Nearly two years ago, former Executive Officer Jay Orr recommended that the county hire a consultant to review public-safety costs, which were already pressuring the overall budget.

Reserves were needed to balance the budget and the non-public safety agencies continued to absorb much of the budget reductions. At that time, Orr advised the board about increasing costs to implement the terms of a settlement from a prisoner class-action lawsuit regarding inmate health and mental health care, propositions, budget concerns from contract cities and the advent of the new Indio jail.

Within months, the county added another $15.7 million to the contract to implement the recommendations for public safety. At that time, KPMG was still working with the Sheriff’s Department, and the District Attorney’s and Public Defender’s offices to determine cost-effective savings.

At an earlier board meeting, Supervisor John Tavaglione (2nd District) criticized Sheriff Stan Sniff for being uncooperative with the consulting team. The supervisor alleged that information from the sheriff’s office was slow to be delivered.

“I hope the sheriff will play by the rules and make sure we get the information we need,” Tavaglioine added as he finished his comments at the February 2016 board meeting.

Despite adding money to the public safety budgets for FY 2017-18 at last week’s board meeting, the discussion around the dais was almost a repeat of two years ago.

The board is worried about the level of reserves, the slow growth of revenue, the burden of cuts on non-public safety agencies and the level of staffing for sheriff’s deputies in the unincorporated areas.

For several months, Sniff has argued that KPMG has not been able to identify major savings within his department. Staffing has been substantially reduced to adjust to the current budget conditions. For example, the ratio of deputies per 1,000 residents in the county’s unincorporated areas has fallen from 1 to 0.75 in two years.
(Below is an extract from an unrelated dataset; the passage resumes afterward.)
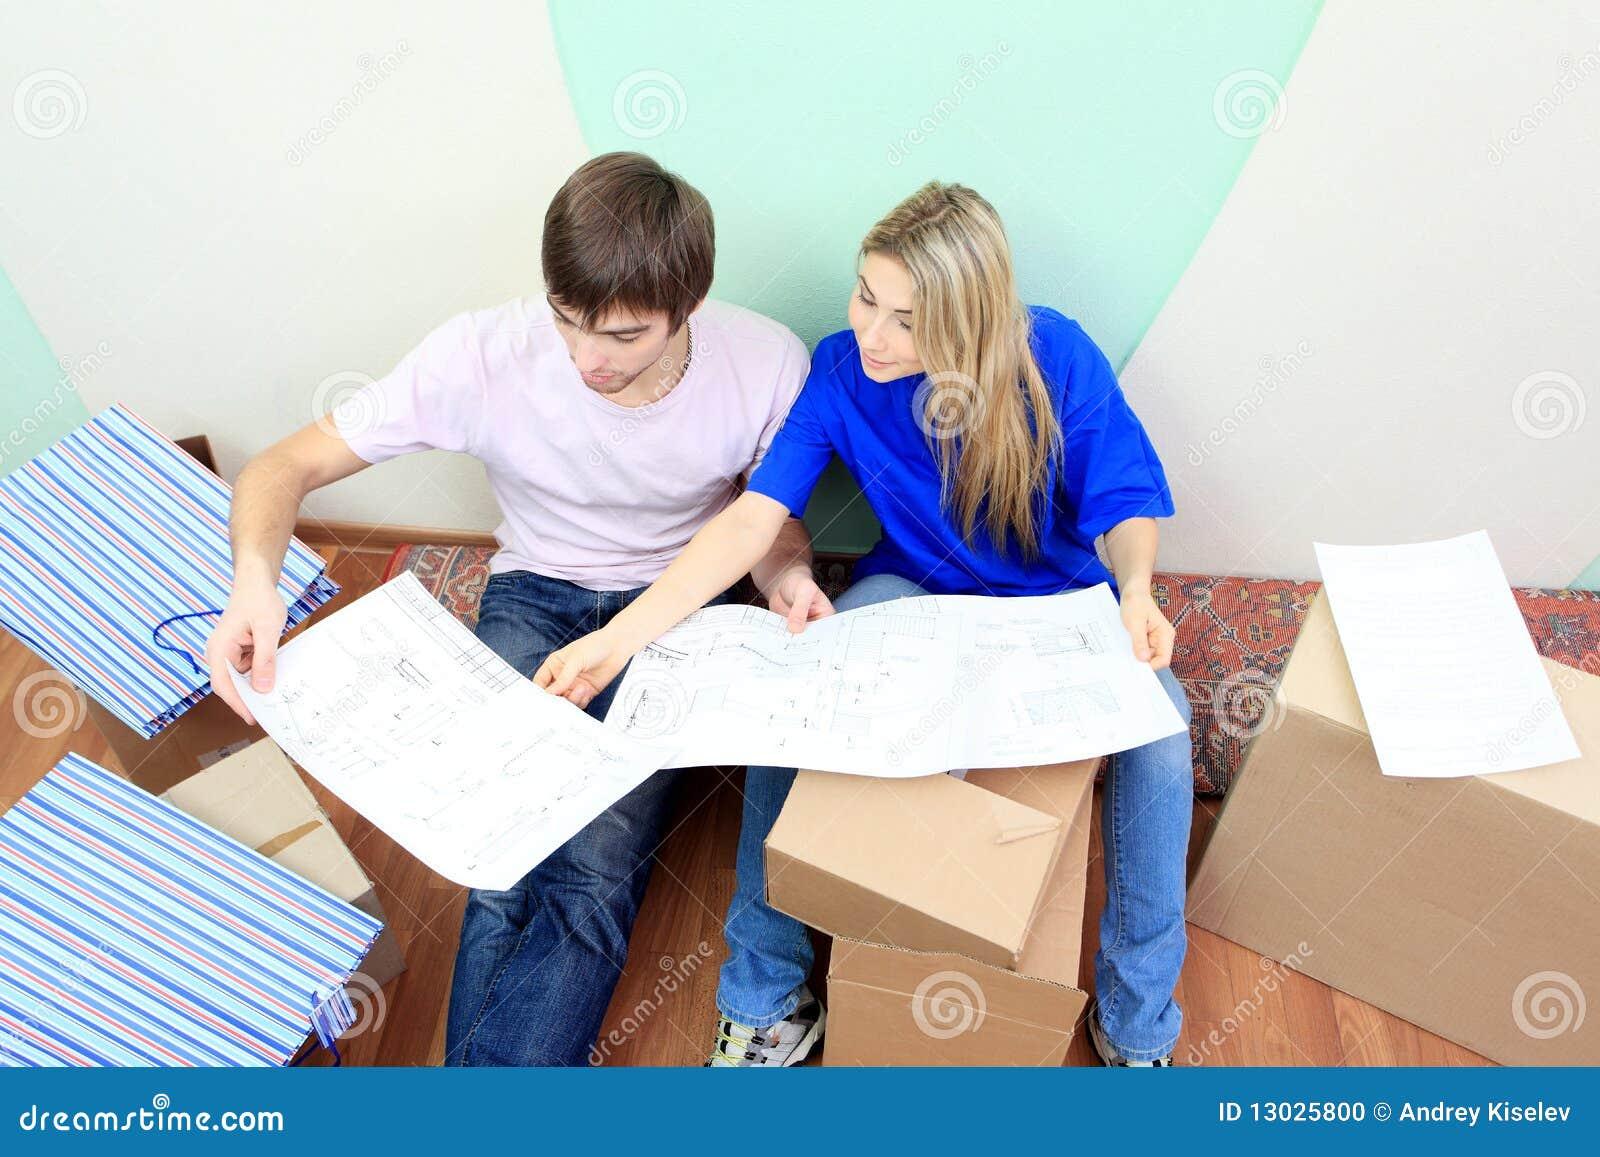 designing new home stock photo image 13025800

“You’re popping champagne corks prematurely,” he told the board.

Citizens are concerned. A Sage resident spoke out stridently about the lack of coverage in her area at the July 25 session.

Nevertheless, Tavaglione repeated his view about the sheriff’s cooperation, “Quit fighting us. You’re being defensive … all we’ve been doing in the past 10 years is supporting you and your agency.”
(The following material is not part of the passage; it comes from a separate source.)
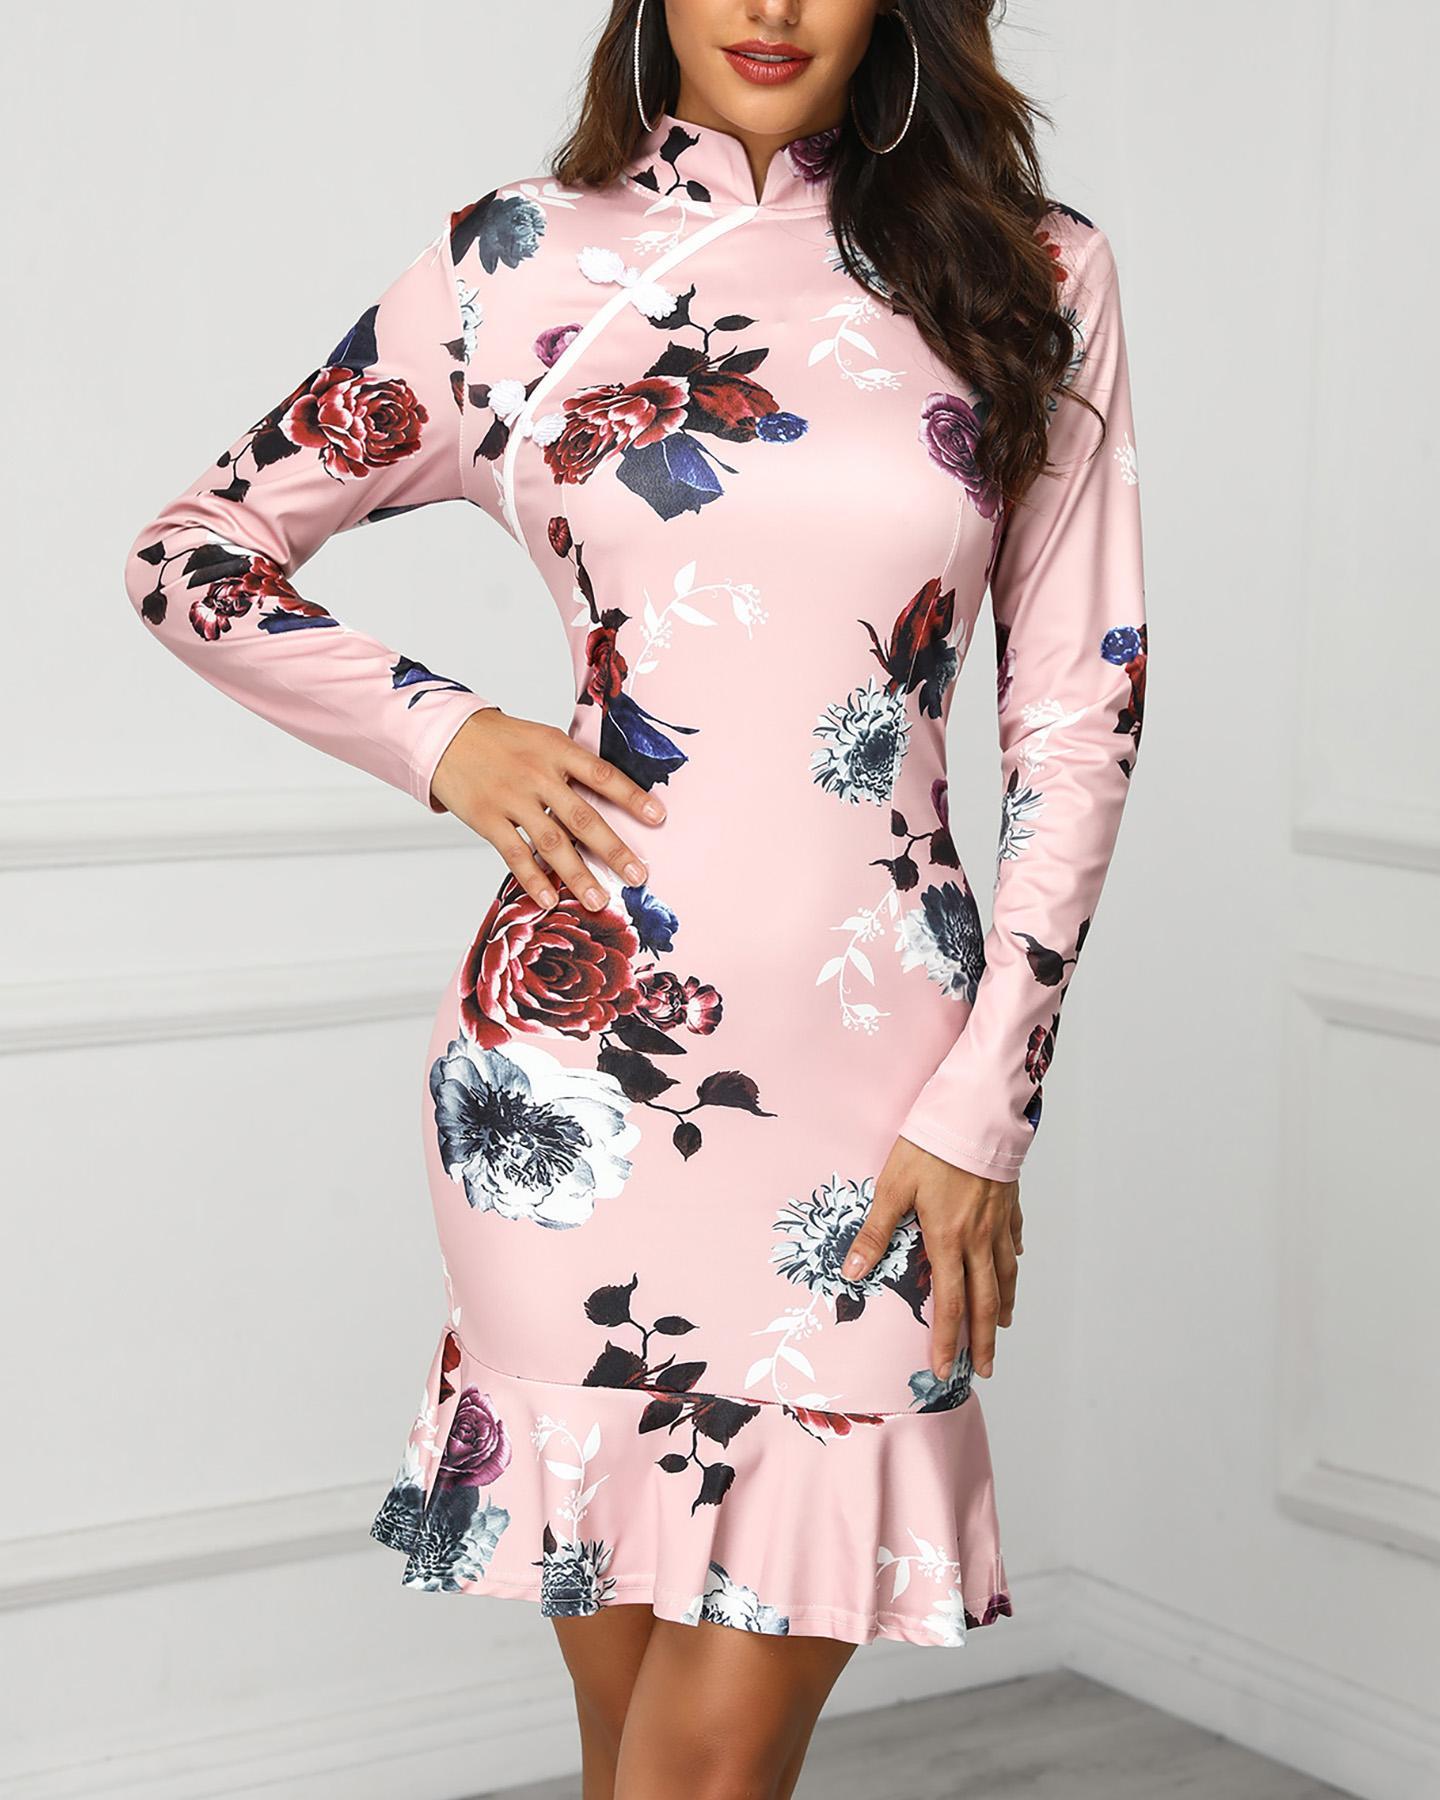 Floral Print Ruffles Bodycon Dress

While Sniff agreed that the board has been supportive, as a result of the staffing reductions, he pointed out that response times were increasing for most calls, other than Priority 1 calls. For example, the response time for Priority 2 calls in the unincorporated area for the Hemet Station increased from 37 minutes in June to more than 80 minutes in July, according to Sniff’s data.

Both supervisors Kevin Jeffries (1st District) and Marion Ashley (5th District) argued that public safety was critical and the board’s top priority. Jeffries voted against the package because of the additional funding for KPMG at the expense of public safety.

“There should be no room for error when it comes to delivering of public safety,” Jeffries said. While he said he disagrees with Sniff on several other issues, such as administrative staffing, “Nothing is more important than delivering public safety.”

After the meeting, when the board added $17.9 million to the department’s budget, Sniff said that would stem the cuts, but returning deputies to the street and preparing for the Indio jail opening would take more time to train new staff.

Meanwhile, the board authorized another $20.3 million for KPMG to continue to find savings, for a total of more than $40 million for the contract. The added funds were for projects such as trimming the human resources staff, vehicle fleet management, creating a county performance unit and continuing work with the public safety agencies.

The current pilot study at the sheriff’s Hemet Station was successful, according to KPMG, but the station’s staffing was already below the consultant’s recommended level, implying that implementing their recommended ideas would require more staff and costs.